So I found it can actually be useful to write bogus jump instructions, jumping anywhere in your code.
This will usually mess a bit more with the control graph, and the disassembler's ability to recover.
As we have room for some garbage code, let's do this:
xor rax, rax cmp rax, rax
This just zeroes the rax
register, and compares it with itself.
Useless, but remember this is dead code.
Now following a cmp
instruction, we expect some kind of branching:
je j0
Meaning if the comparison was true (it surely is), jumps to the local j0
label, that we'll define later.
And let's continue a bit more, with other random comparisons, and other jumps:
cmp rax, rdi je j1 add rax, 0xCAFE cmp rax, rsi je j2 cmp rax, rdx je j3 cmp rax, rcx je j4 jmp 24[ rip ]
We are here just comparing useless stuff with useless stuff, and jumping to some local labels.
Again, just to mess with the control graph.
The last instruction jumps to a random location, based on the current instruction pointer.
So this is just:
if( ... ) { goto ...; } else if( ... ) { goto ...; } else { goto ...; }
Now we'll simply define these local labels, and in each one jump to another random location:
j0: jmp 16[ rip ] j1: jmp 48[ rip ] j2: jmp 64[ rip ] j3: jmp 128[ rip ] j4: jmp 256[ rip ]
Now, at this point, the disassembler should be pretty confused.
This is time for us to go back to real code.
Remember our return address override?
It was [ rip + 97 ]
.
That +97
offset brings us just here, accounting for all the previous instructions we wrote.
So let's undo all the mess we've done:
pop rdx push rax
We saved the original return address in rax
. So we'll restore it in the stack, and just before, as we pushed it twice to keep the stack alignment, we'll just pop it into rdx
, which is a safe register for us to use at this point.
The original base pointer was saved in rbp
previously, let's push it again:
push rbp
And now we can simply restore our previous stack frame (rsp
was saved to rcx
):
mov rbp, rsp mov rsp, rcx
And that gives us the opportunity to restore the three registers we earlier pushed on the stack, because we were going to use them:
pop rdx pop rcx pop rax
At this very specific point, it's just as if nothing happened.
The stack frame and the registers are in the exact same conditions.
This is great, because it means our software will run unaffected.
But it's also great because we produced a lot of garbage for the disassembler.

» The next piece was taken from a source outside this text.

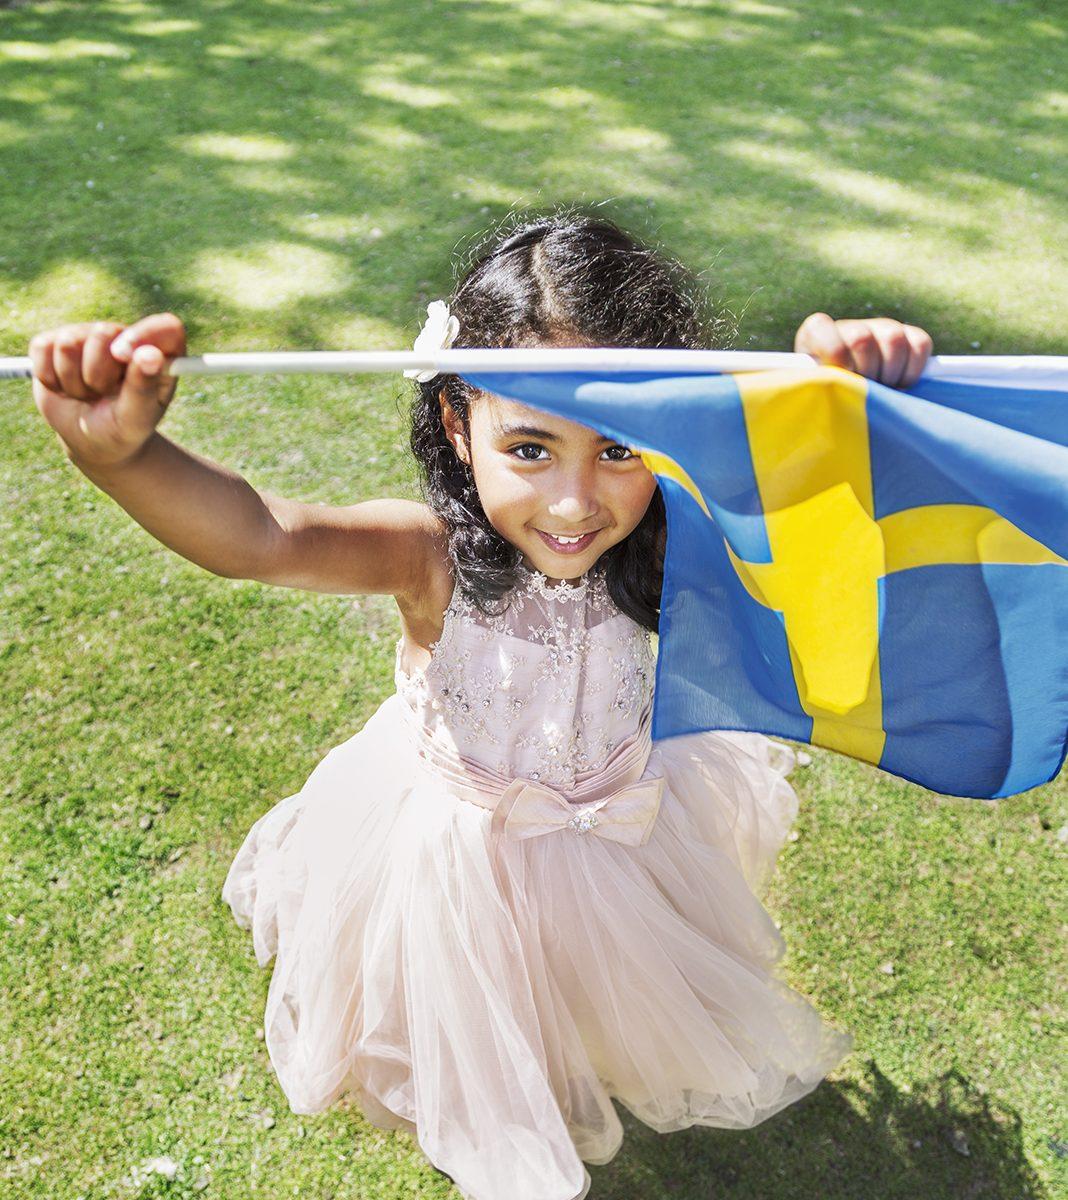 Sveriges nationaldag – en tradition skapad av Skansen

Now there's one more thing we can do, before continuing normal code execution.
We spoke about incomplete instructions, but we never actually used them.
Now is the right moment.
The idea of offsetting a disassembler is great, but I found in practice that many disassemblers are quite robust to incomplete instructions.
But now that we messed so much with its ability to generate a control graph, and detect that we're actually inside a single function, it might be quite efficient.
Now we're still in a valid code section, although it might not be recognised as such by the disassembler.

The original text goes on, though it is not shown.